It analyzes text and tells you what it finds, starting with the language, from Afrikaans to Yoruba, with 98 more in between. It can identify different types of entities (people, places, brands, products, and so forth), key phrases, sentiment (positive, negative, mixed, or neutral), and extract key phrases, all from a text in English or Spanish.
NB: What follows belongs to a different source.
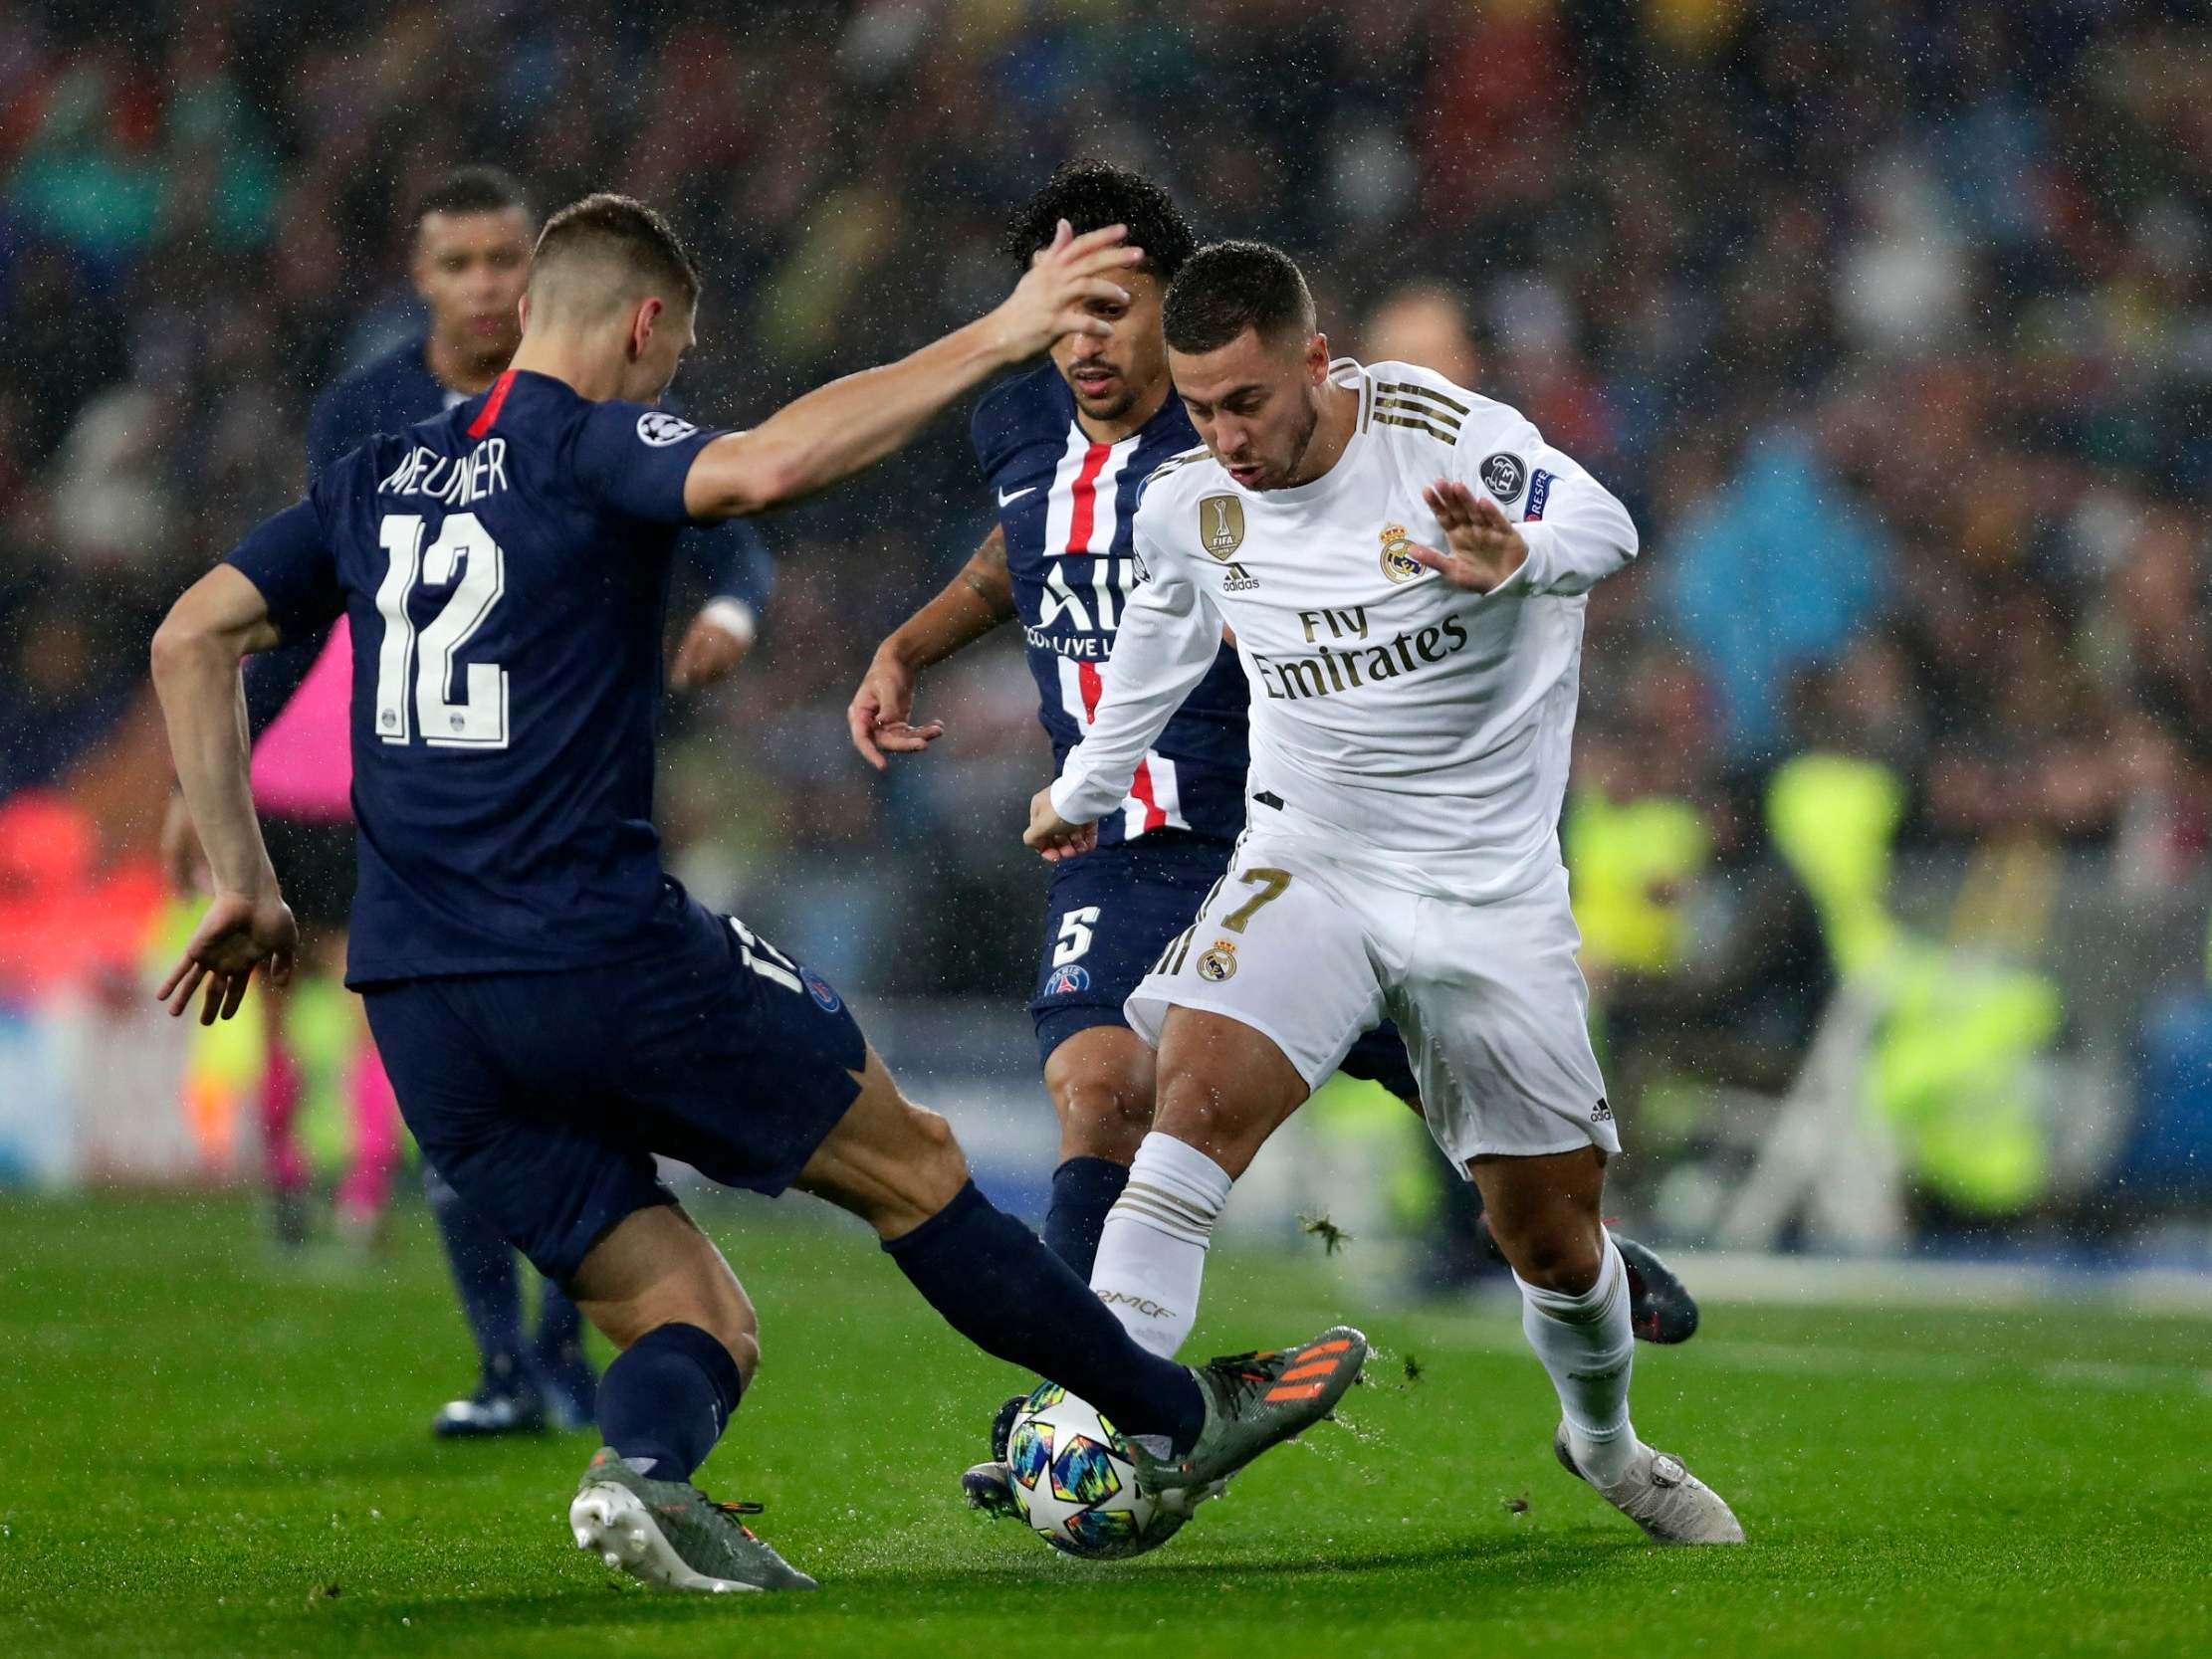 Real Madrid vs PSG LIVE: Latest score and updates from Champions League - The Independent - The Independent

Finally, Comprehend‘s topic modeling service extracts topics from large sets of documents for analysis or topic-based grouping. – Jeff Barr – Amazon Comprehend – Continuously Trained Natural Language Processing.

Instead of AWS Comprehend you can use similar service to perform Natural Language Processing, like: Google Cloud Platform – Natural Language API or Microsoft Azure – Text Analytics API.

Entities Detection

With this code, we can invoke the entities detection of AWS Comprehend. We will use the object key to download the object from S3.

Once you have downloaded the document, invoke the detect_entities method of AWS Comprehend.

import boto3

import sys

AWS_ACCESS_KEY = ‘your_key’

AWS_SECRET_ACCESS_KEY =’your_secret_key’

BUCKET_NAME = ‘your bucket’

client_comprehend = boto3.client(

    ‘comprehend’,

    region_name = ‘eu-west-1’,

    aws_access_key_id = AWS_ACCESS_KEY,

    aws_secret_access_key = AWS_SECRET_ACCESS_KEY    

)

def process_document(file_path):

    filename = file_path.split(“/”)[-1]

    extension =  filename.split(“.”)[-1]

    plain_text = ”

    # you can find the methods to extract the text from different document here: 

    # https://gist.github.com/mz1991/97ee3f7045c8fd0e6f21ab14f9e588c7

    if extension == “pdf”:

        plain_text = get_pdf_text(file_path)

    if extension == “docx”:

        plain_text = get_docx_text(file_path)

    if extension == “txt” or extension == “csv”:

        plain_text = get_txt_text(file_path)   

    # Add your custom file extension handler

    # Max Bytes size supported by AWS Comprehend

    # https://boto3.readthedocs.io/en/latest/reference/services/comprehend.html#Comprehend.Client.detect_dominant_language

    # https://boto3.readthedocs.io/en/latest/reference/services/comprehend.html#Comprehend.Client.detect_entities

    while sys.getsizeof(plain_text) > 5000:

        plain_text = plain_text[:-1]

    dominant_language_response = client_comprehend.detect_dominant_language(

        Text=plain_text

    )

    dominant_language = sorted(dominant_language_response[‘Languages’], key=lambda k: k[‘LanguageCode’])[0][‘LanguageCode’]

    # The service now only supports English and Spanish. In future more languages will be available.

    if dominant_language not in [‘en’,’es’]:

        dominant_language = ‘en’

    response = client_comprehend.detect_entities(

        Text=plain_text,

        LanguageCode=dominant_language

    )

    entites = list(set([x[‘Type’] for x in response[‘Entities’]]))

    return entites

Key phrases

To extract the key phrases use the detect_key_phrases method of AWS Comprehend.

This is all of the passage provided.